I am getting frustrated and may go back to a 3 day split...although it will probably just mean having an extra day of disappointment in the end. Oh well...better than sitting on my ass and doing nothing I guess...

***As for the baseball game...it felt good to play after not playing really for more than a year...i'm aching today in a couple spots...the team really wants me to play for them now so for the next month I will probably have baseball on tuesday evenings after training...

IceRgrrl
05-29-2002, 10:19 AM
Did I not tell you that you weren't eating enough? But no, don't listen to me... :rolleyes:

And yes, serious cutting does affect strength, at least in my experience. Just do what you can and think about preserving muscle, not making huge gains :)

ElPietro
05-29-2002, 08:02 PM
Grappling class tonight for the first time in a gi. Class was really good and led by one of Canada's top grapplers. About half way through the class I got to roll with a guy that had only been to 3 classes and was about 170lbs. So me with my superior experience of 5 or 6 classes and weight advantage was very happy. It seemed so easy and all the techniques I tried worked. On average it would take me 10 seconds to make him tap. After a while he was dead and I was pretty much done too so took a long breather and then struggled for a while with the 270lber.
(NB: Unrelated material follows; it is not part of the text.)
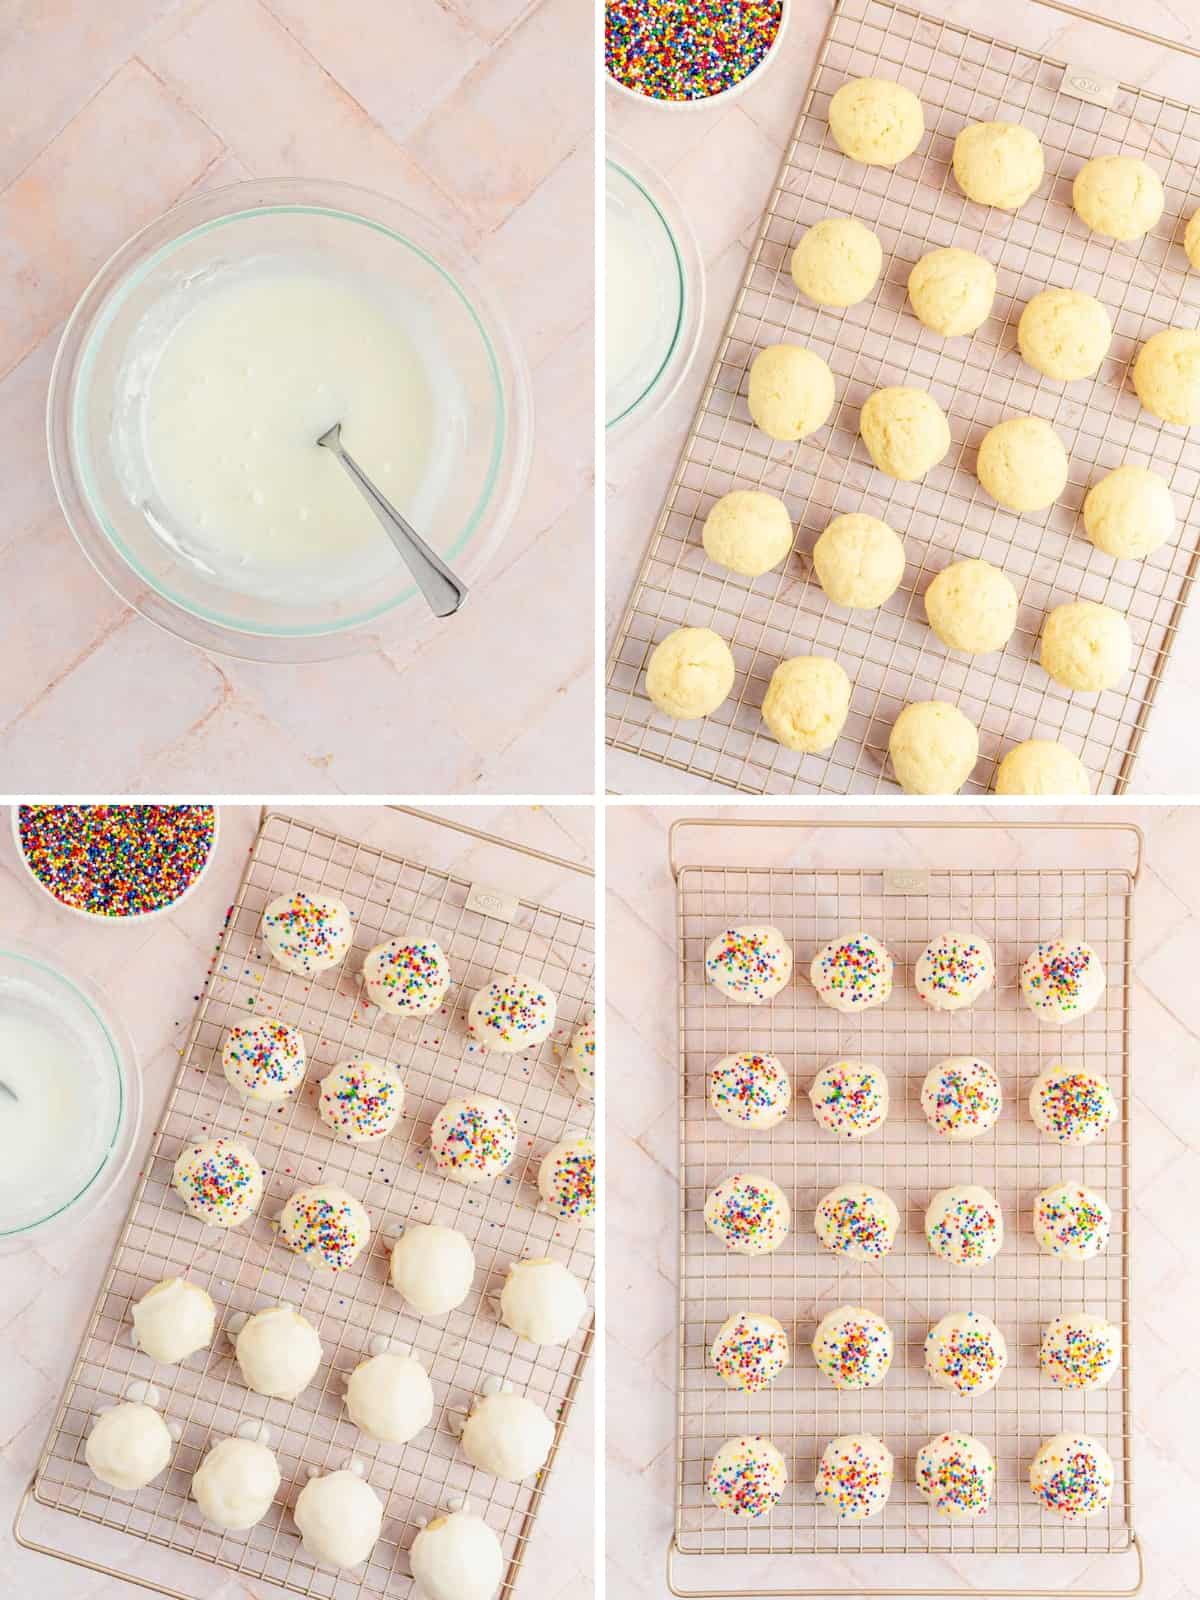 Collage images showing steps to glaze and decorate with sprinkles.

Nice to know some of the shiat is sticking in my head. I just need to have patience until new mofos join that I can beat up. :D

Both elbow joints are hurting now and felt pretty bad after class...they are starting to settle down now. Tomorrow may or may not be a gym day. Friday is gonna be a rest day as I have the day off from work, to go meet some assface friend of mine. ;)

ElPietro
06-01-2002, 03:03 PM
Update: 3 days of inactivity and poor diet. I think I can actually hear myself getting fatter.

PowerManDL
06-01-2002, 06:23 PM
*throws a box of twinkies at LP*

Relentless
06-01-2002, 06:26 PM
Originally posted by ElPietro
Update: 3 days of inactivity and poor diet. I think I can actually hear myself getting fatter.

tsk tsk

shoulda come to Central Tech to play football with us today... you've have burned it all off. ;)


seriously though, i know what you mean about feeling guilty when you get inactive. Bounce back, man!! :)

ElPietro
06-03-2002, 08:17 AM
Actually, saturday I was up at 7am to help a friend of mine move out of her old place and into a new apartment. So I guess I was somewhat active for a short time. Did two sets of couch, 4 sets of TV, one set of wall unit, and one warmup set of mattress along with two working sets of boxspring. :)

Slept part of the day after that but I'll have to come out for a game sometime Callahan.

Sunday was supposed to be a good grappling session...unfortunately I drank too much at a friends the night before and never actually made it home until 11am the next day. The rest of sunday was spent napping and being generally hung over.

This weekend was complete slothdom and poor dieting. One good thing is that I feel 100% now and all aches and pains are gone. I will hit this week diet and training wise with renewed vigor.

heathj
06-03-2002, 09:07 AM
Try making cheat days before a workout day. So let's say you workout Sunday, cheat on Saturday. Your Sunday workouts will be better :) Or you could just pretend your cutting like me and all your workouts will be great...hehe :p Keep it up though..I can hear myself getting fatter also.